Und letztendlich kann Trump auch die archaische Institution des Electoral College versuchen zu nutzen, um sich einen Wahlsieg zu sichern. In der Verfassung ist nur festgehalten, dass der Präsident von dieser Institution gewählt wird. Wie die Bundesstaaten aber die Wahlmänner- und Frauen auswählen, das können sie selber entscheiden. In der Frühphase der US-Demokratie haben die Legislativen in den Einzelstaaten die Wahlmänner ausgewählt. Er seit 1836 werden in allen Bundesstaaten die Wahlmänner und -frauen durch eine Wahl bestimmt. In der Verfassung ist eine Wahl allerdings nicht zwingend vorgeschrieben. Wohl auch ein Grund, warum Wählen in den USA häufig als Privileg und nicht als Recht bezeichnet wird. Und das könnte Trump nutzen und Republikanisch regierte Bundestaaten auffordern, die Wahlmänner- und Frauen durch die Legislative bestimmen zu lassen, unabhängig vom Wahlergebnis.

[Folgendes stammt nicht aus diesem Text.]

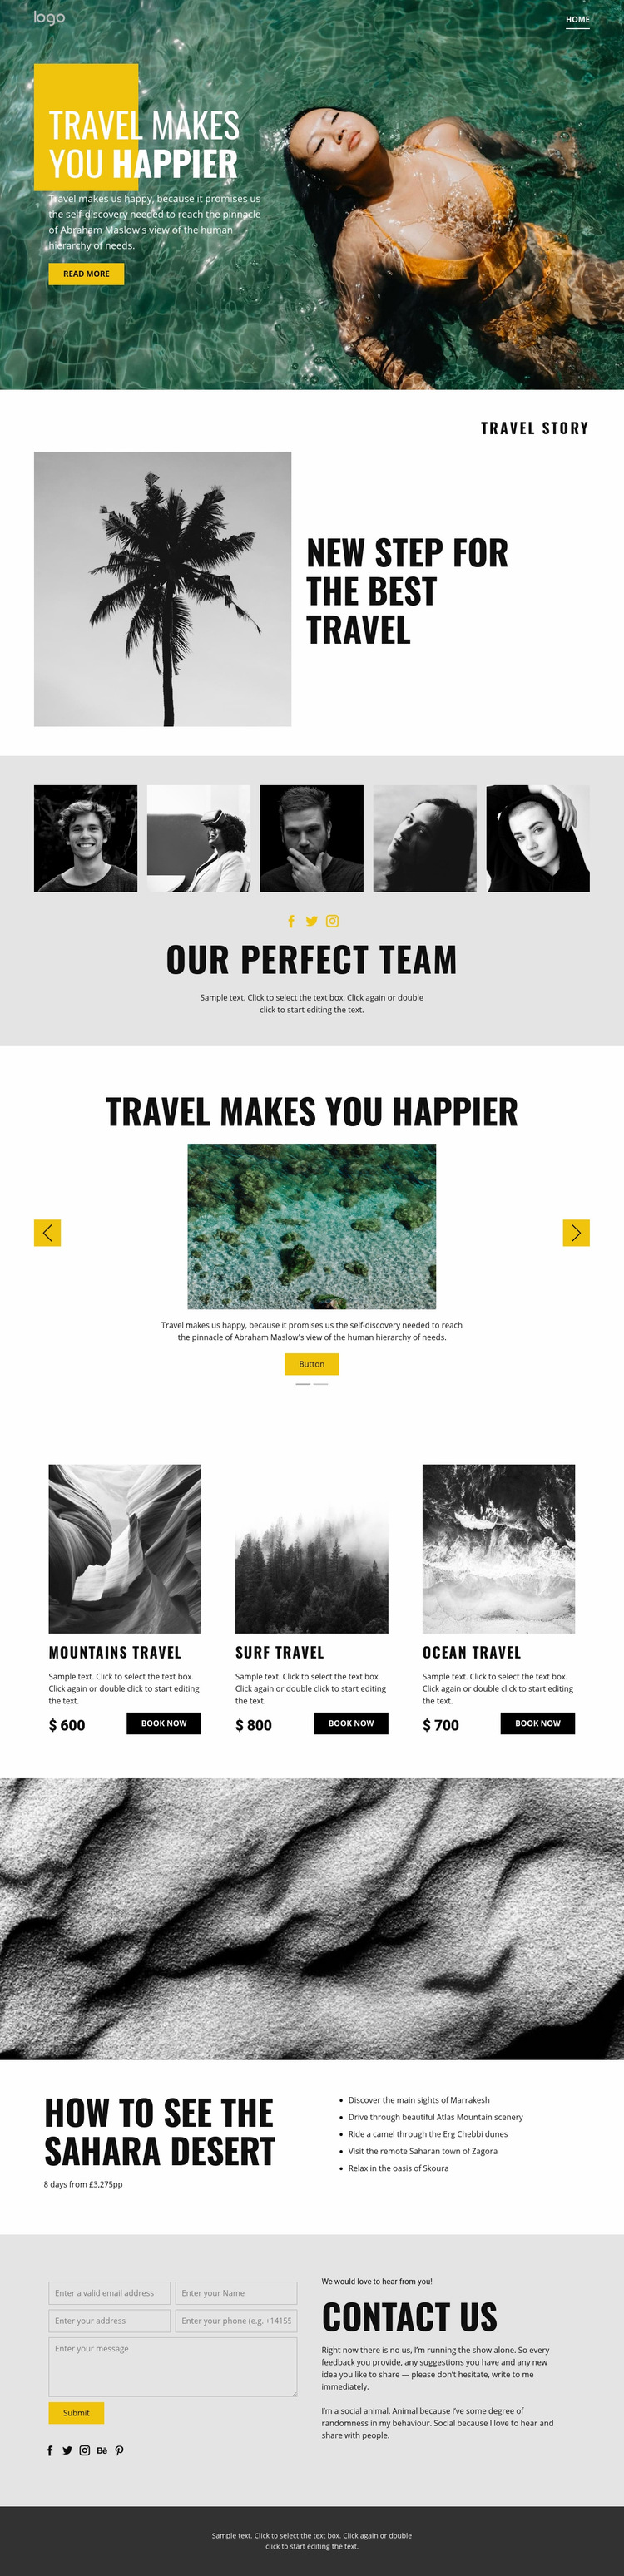 Happy people deserve travel Web Page Design

Aber auch das würde zu einer  tiefgreifenden politischen Krise führen, den die Legitimität eines solchen Wahlergebnisses würde sicherlich nicht anerkannt werden. 

Trumps bisherige Regierungsstil hat gezeigt, dass er sich nicht scheut, etablierten Praktiken im demokratischen Prozess der USA zu ignorieren, wenn ihm das politisch nutzt. Stellt sich die Frage, warum das bei den anstehenden Wahlen anders seien sollte. Wird er damit erfolgreich sein? Ich glaube nein. Allerdings wird die Demokratie in den USA erheblichen Schaden nehmen, grundlegende Reformen würden notwendig sein, um das System vor autokratisch agierenden Politikern besser zu schützen. Und das wird im Kontext der Hyperpolarisierung in den USA ein schwieriger und langwieriger Prozess.